# Had To Cut The Cheese!



## pops6927 (Nov 2, 2018)

Yesterday, I asked my wonderful wife to take me to Bassham Foods, Cash'n'Carry Retail Outlet just off I-20 at Hemphill so I could buy some rounds of Colby Longhorn Cheddar to smoke.  This morning I made two piles of 4 slices apiece and had to Cut The Cheese into ¼'s:








Then, took them out to the smokehouse and placed them on A-Maze-N Matz (on two oven grates laid over smokehouse poles) and fired up my A-Maze-N pellet smoker full of Corn Cob pellets with a few maple hardwood pellets from A-Maze-N Products (www.amazenproducts.com):







Couldn't get them all in on one photo, the two racks:












Let the smokin' begin!  8 am, 40° outside temp.


----------



## Scott Eisenbraun (Nov 2, 2018)

Corn cob pellets? Interesting. I heard that in certain parts of the country, they smoked hams, etc, with corn cobs.

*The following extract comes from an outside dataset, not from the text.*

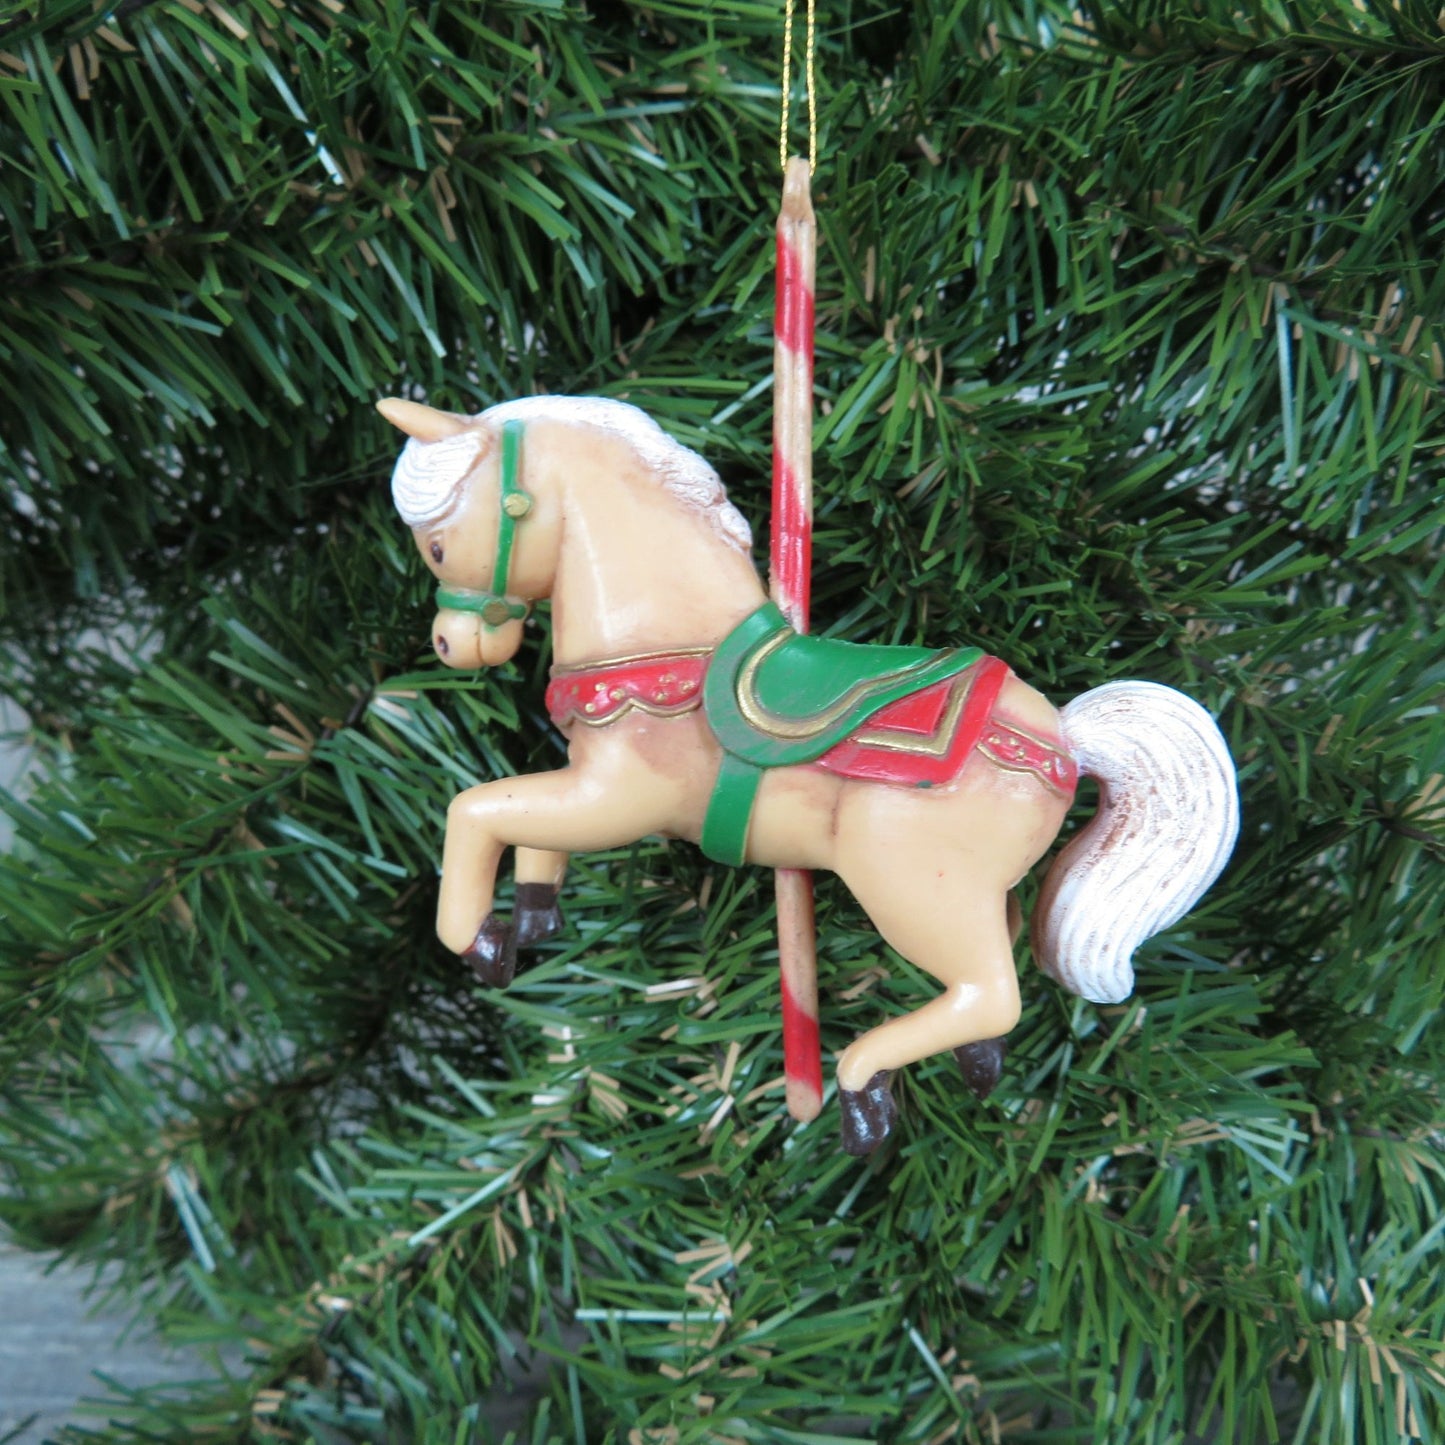 Vintage Tan and White Carousel Horse Pony Ornament Plastic Christmas

What's the flavor like?


----------



## pops6927 (Nov 2, 2018)

Milder with a sweet smell to it.  Just like corn is.  I buy them at Tractor Supply in 40 lb. bags as horse bedding, but use them for smoking.  https://www.smokingmeatforums.com/threads/bestcob®-corn-cob-pellets-for-amnps.149282/


----------



## pops6927 (Nov 2, 2018)

My dad's store.  He used crushed corn cobs from the grist mill; farmers would take their shelled cobs to the mill and get them ground.  Dad would buy them in 100 lb. burlap bags and store them in a cool part of the cellar and use them for all his smoking.  https://www.smokingmeatforums.com/t...about-your-dad-smoking-with-corn-cobs.111151/


----------



## ksblazer (Nov 2, 2018)

When you get the chance to try it, let us know how it turned out.

Tomorrow is supposed to be between 50 & 55 degrees. 

So I was planning on smoking up some cheese as well.

2lbs of mozzarella 
2lbs of pepper jack 
2lbs of Colby jack


----------



## Scott Eisenbraun (Nov 2, 2018)

pops6927 said:


> View attachment 379554
> 
> 
> View attachment 379555
> ...


And now some of us are paying $20 for a 20 lb bag of wood pellets. Years ago, I worked with a German from Russia who was a POW here during WW2. Back in Russia they used dried blocks of manure to heat the home and the chimney had a flue in the attic for smoking hams and sausage. He said the hams were better than anything he could buy here.


----------



## gmc2003 (Nov 2, 2018)

Well Pops if you going to cut the cheese, that the preferred method. At least in our house. Looks like your starting out with some nice looking cheese. How long did you let it go for?

Chris.


----------



## pops6927 (Nov 5, 2018)

About 8 hours total.  The taste, as usual, was bitter; hence letting it mellow for 2 or more weeks.  The last batch I did in June was just starting to get moldy when I did this batch, over 3 months.


----------



## crazymoon (Nov 6, 2018)

Pops, looks like some good cheese will be coming your way in a few weeks !


----------